So where to start? If you are doing it right you need to get a usage profile. If you are doing it wrong you start building the test client. Our numbers were so bad that I could start directly with investigating the monitoring component. Most execution times were OK but we had too much in the range of weeks to be ignored. On the other no timeout in a JEE application would allow execution time in the range of weeks. So I started to go over the log output for error messages and found them in an "unimportant" log file. There were errors about measurement end calls without a start. The way we included the monitoring didn't allow this error. So I inquired the source for the component. It used internally two lists that weren't synchronized correctly.

After I've fixed the synchronization I've built a test client. That was a program that called some server methods in a loop several times (the cheap and wrong way of a test client). The error messages from the monitoring component were gone and all execution times looked sane.

I was still unhappy with the monitoring component as all the synchronization serialised the execution of the EJB methods. So I've had a meeting with the maintainer of the component. We removed some code that was no longer needed and thus we could change one list into a thread local variable. That way we got rid of a lot of synchronization.

The execution time decreased in a order of one magnitude. That sounds like a lot but remember that I didn't use a proper test client. The for loop probably caused a lot of caching. Maybe the synchronization wasn't such a problem in the real world. But don't use this statements as an argument for not testing your changes. It showed that my changes didn't introduce a new bottle neck. The overall direction was right.

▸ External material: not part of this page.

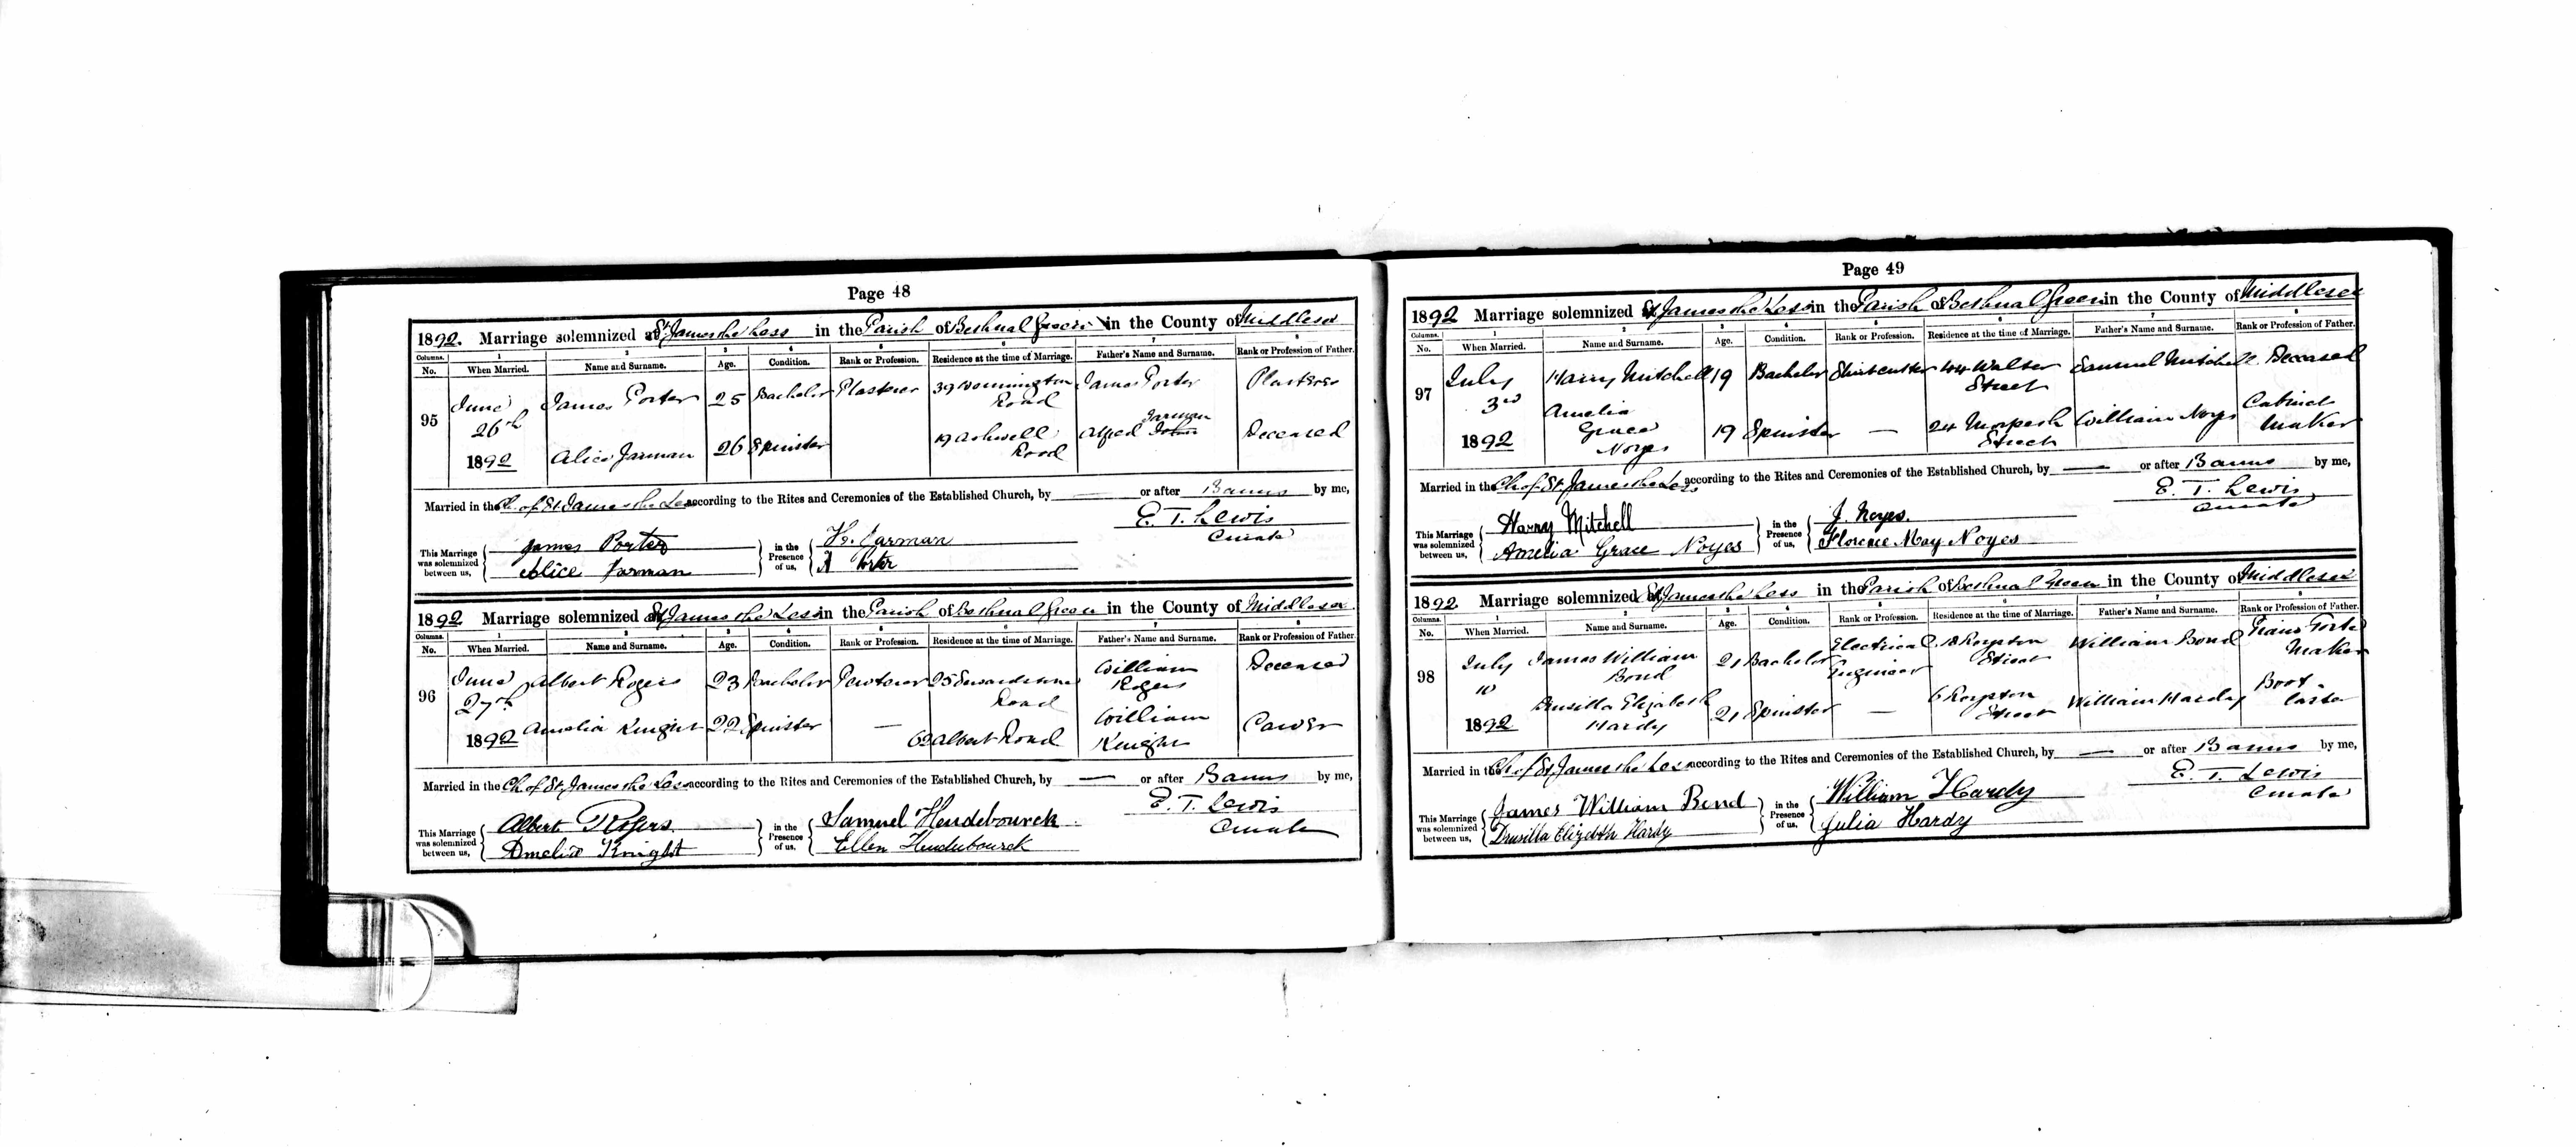 1892 marriage of Amelia Grace Noyes to Harry Mitchell

As the next step I made a code review for those methods that had the worst numbers. In the top one I've found immediately a large bunch of database queries. The majority of them was the same query with altered parameters. This means that several network connections were opened and the database had to go several times over the same data. A perfect waste of resources. I've changed the query so that the altered parameter was part of the result set. The review of the other methods showed some ignorance about databases. In order to count the number of rows all data were loaded and the size of the result list was taken. I've changed this to use a query with a count in it. The effect of this changes was measurable but not that much as the numbers were sane already before.

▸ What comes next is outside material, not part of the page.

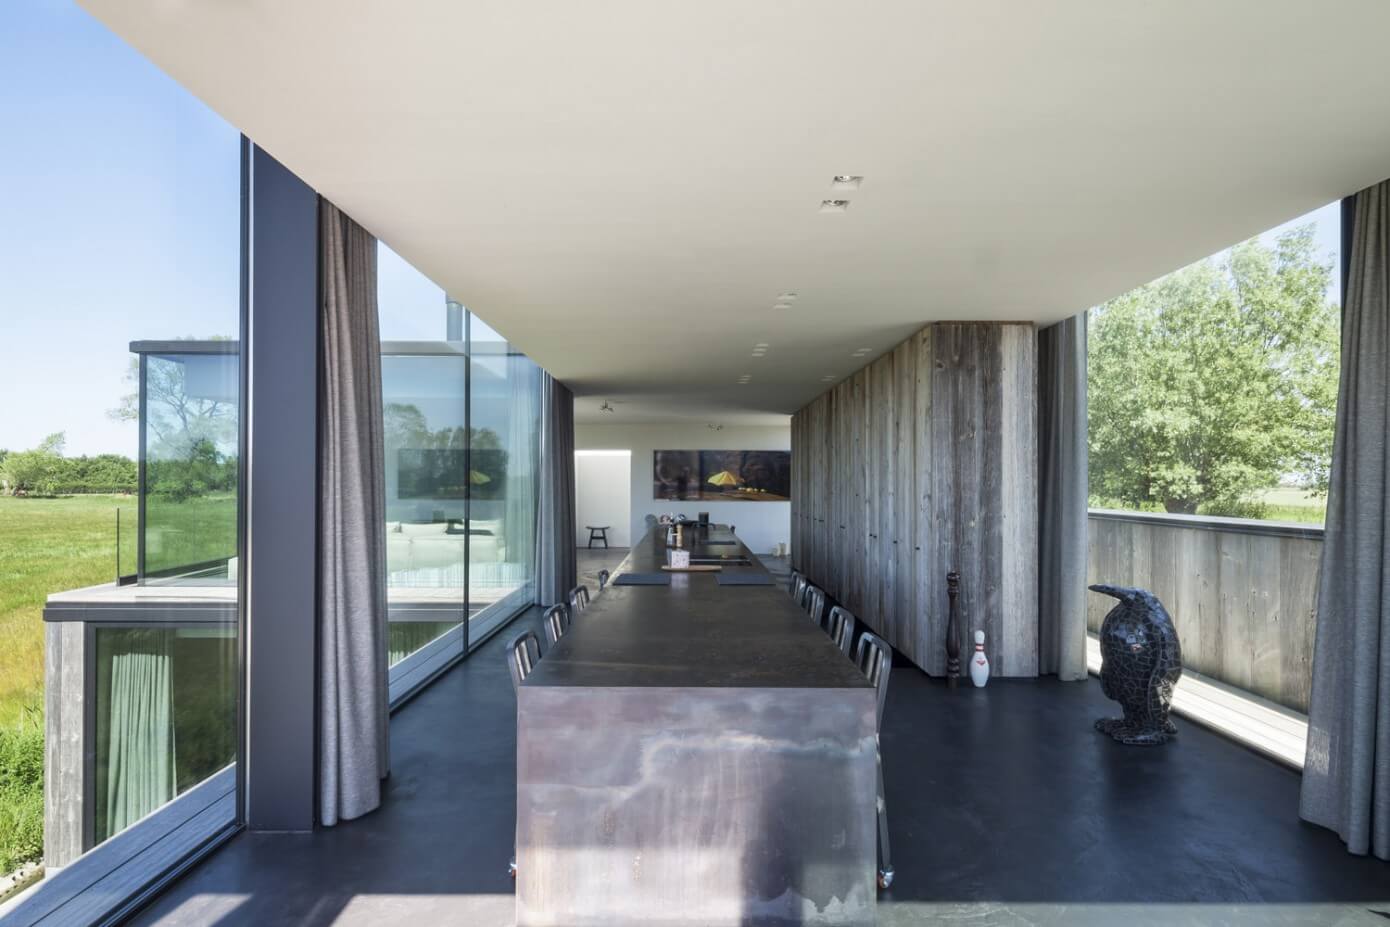 Graafjansdijk House by Govaert & Vanhoutte Architects

In the next step I've added some indices to the database for all those columns that where part of the where clause. It had almost no effects. I wondered why and wondered how I could get more information. One way is to look at the execution plan of a query. A coworker told me that I can get a nice view of the execution plan in SQL Developer. I just have to enter the sql query and then press F6. This showed me that the Oracle database didn't combine indices. Creating one index with all the columns in it lowered the expected costs and tests showed another reduction in execution time.

Until now I had used a lot of tricks to speed up my application but all that was focused on some parts that I declared as hot spots. To get more tangible speedup I needed a systematic check for hot spots. As all tricks were about the database it was natural to put on the sql logging of hibernate. That way I will see what statments are executed when I move through the GUI.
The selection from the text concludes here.